Paper: Three-Dimensional Metal-Catecholate Frameworks and Their Ultrahigh Proton Conductivity
Authors: N. T. T. Nguyen, H. Furukawa, F. Gándara, C. A. Trickett, H. M. Jeong, K. E. Cordova, and O. M. Yaghi
Citation: J. Am. Chem. Soc., 2015, 137, 15394-15397
DOI: 10.1021/jacs.5b10999
Abstract: A series of three-dimensional (3D) extended metal catecholates (M-CATs) was synthesized by combining the appropriate metal salt and the hexatopic catecholate linker, H6THO (THO6– = triphenylene-2,3,6,7,10,11-hexakis(olate)) to give Fe(THO)·Fe(SO4) (DMA)3, Fe-CAT-5, Ti(THO)·(DMA)2, Ti-CAT-5, and V(THO)·(DMA)2, V-CAT-5 (where DMA = dimethylammonium). Their structures are based on the srs topology and are either a 2-fold interpenetrated (Fe-CAT-5 and Ti-CAT-5) or noninterpenetrated (V-CAT-5) porous anionic framework. These examples are among the first catecholate-based 3D frameworks. The single crystal X-ray diffraction structure of the Fe-CAT-5 shows bound sulfate ligands with DMA guests residing in the pores as counterions, and thus ideally suited for proton conductivity.

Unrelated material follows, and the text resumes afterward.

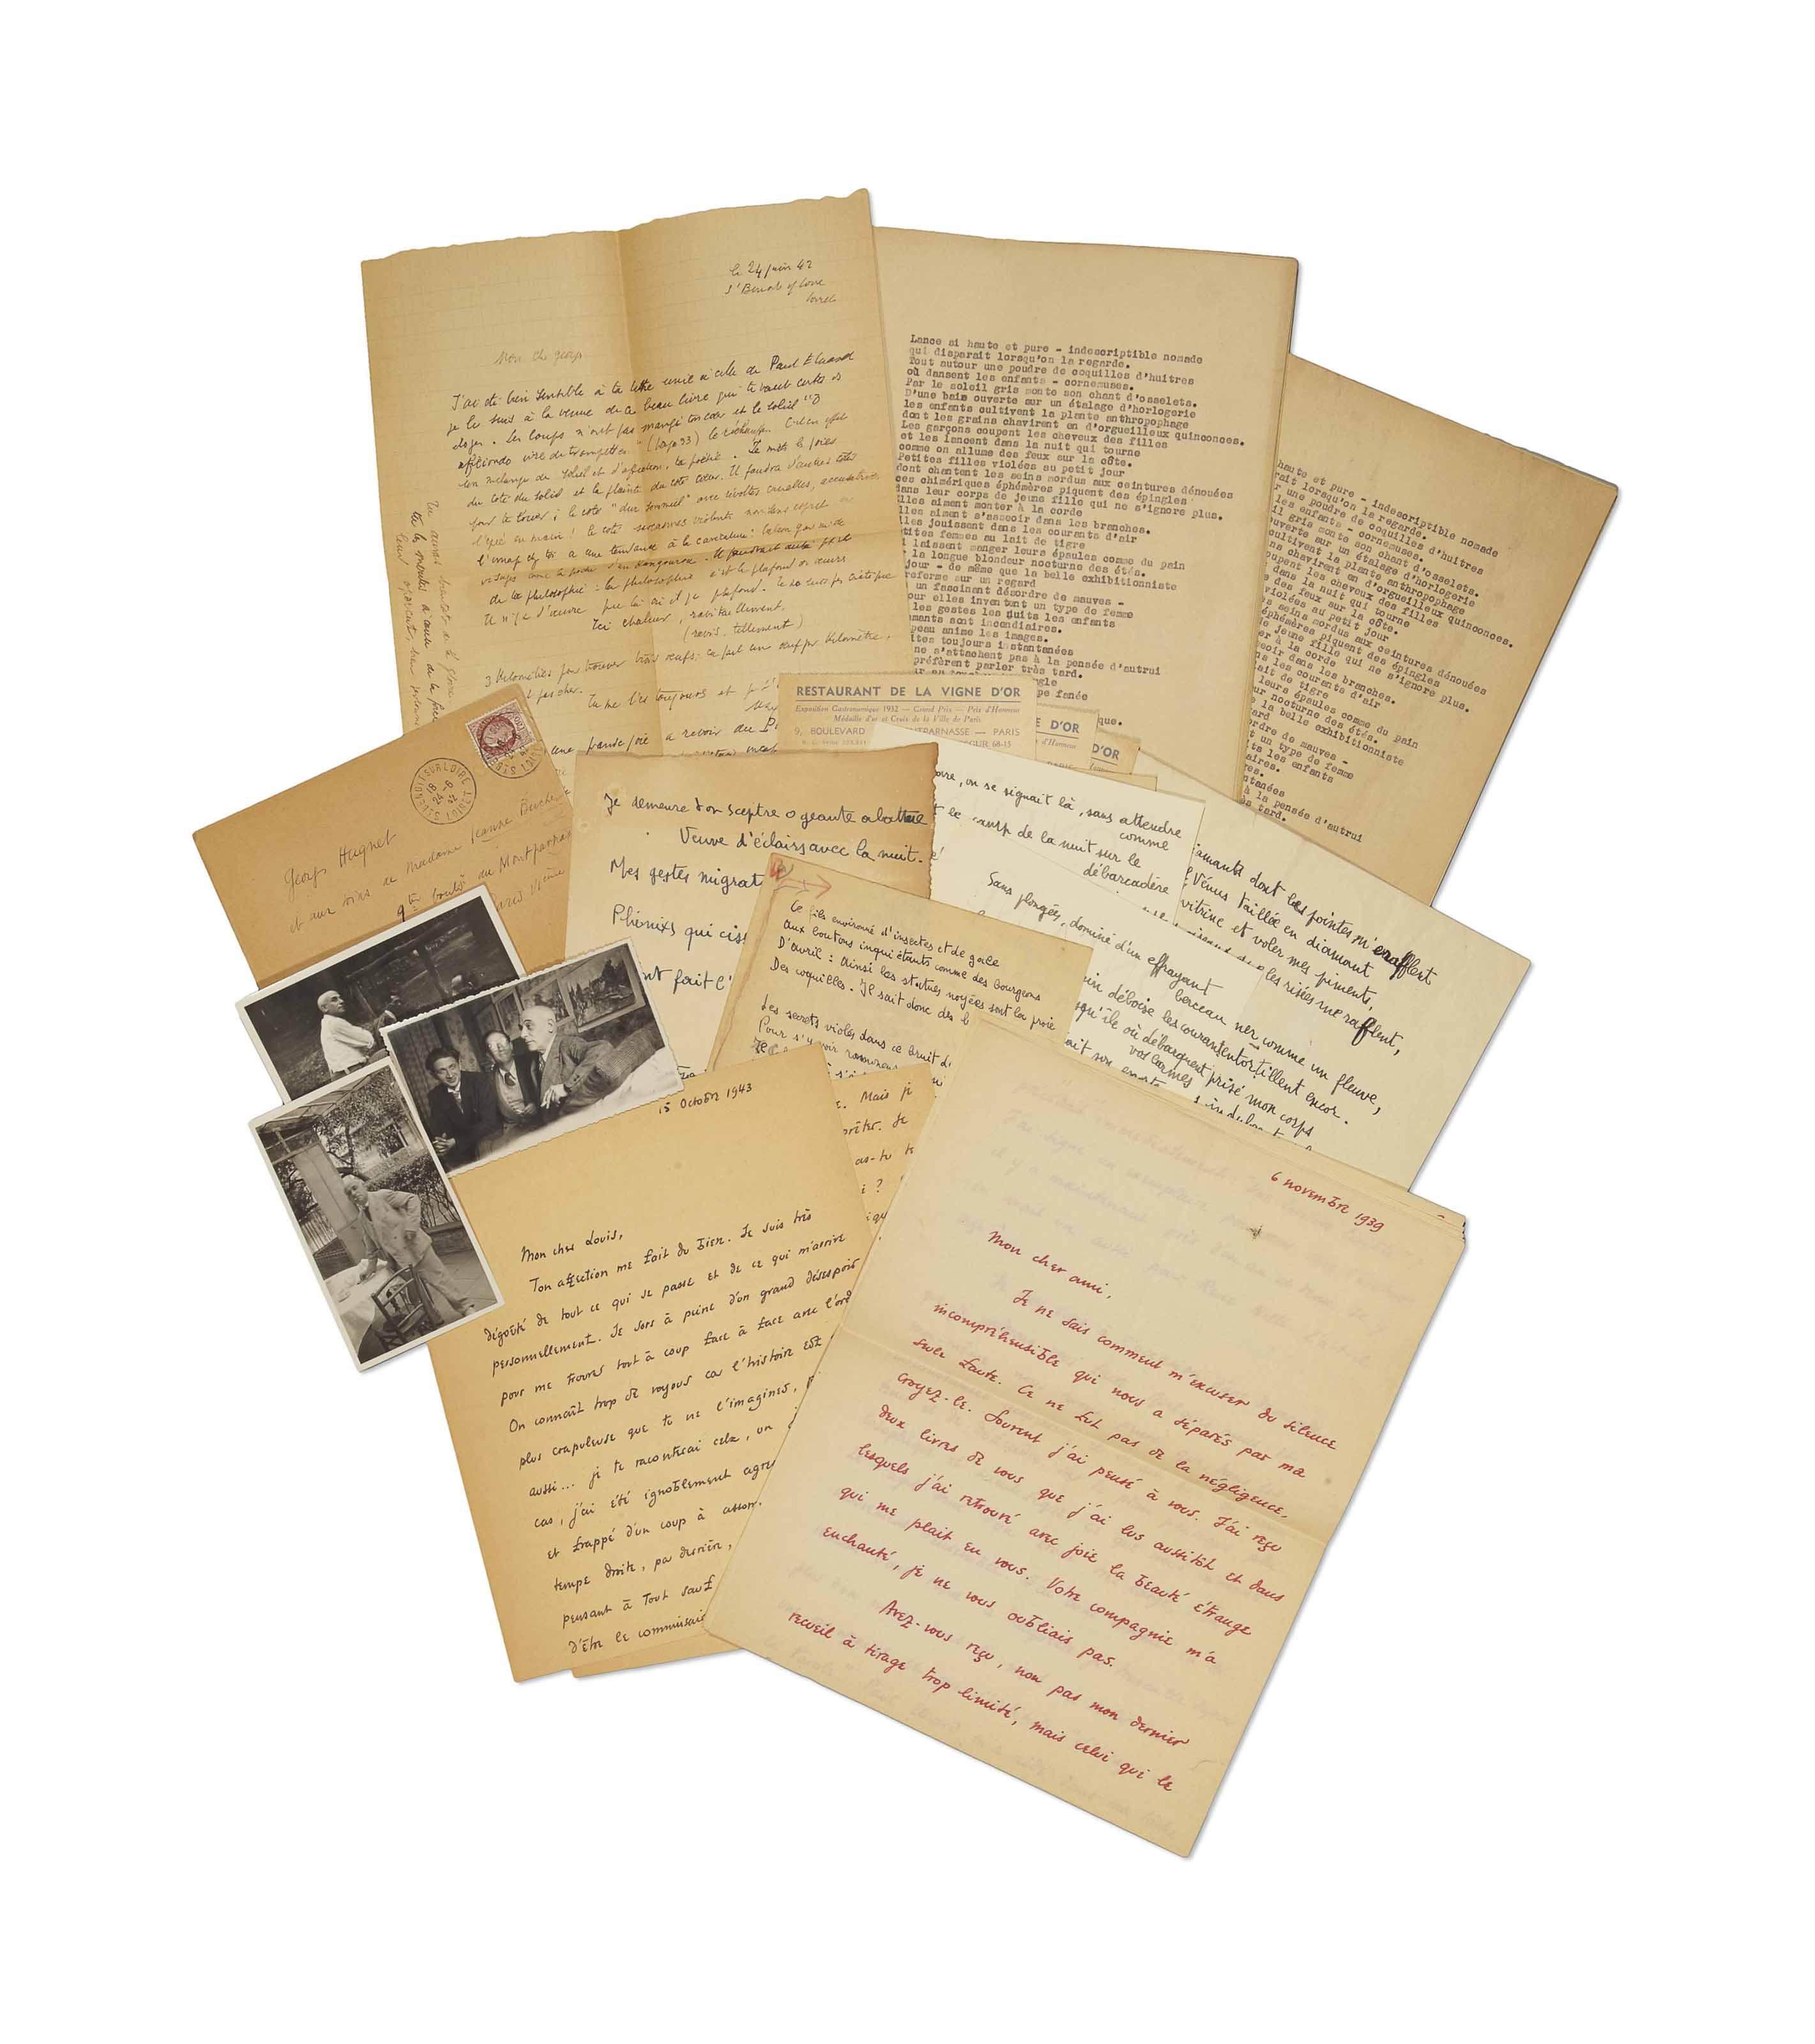 Max Jacob (1876-1944). 2 lettres autographes signées à Georges Hugnet, écrites de Saint-Benoît sur Loire.

Accordingly, Fe-CAT-5 exhibits ultrahigh proton conductivity (5.0 × 10–2 S cm–1) at 98% relative humidity (RH) and 25 °C. The coexistence of sulfate and DMA ions within the pores play an important role in proton conductivity as also evidenced by the lower conductivity values found for Ti-CAT-5 (8.2 × 10–4 S cm–1 at 98% RH and 25 °C), whose structure only contained DMA guests.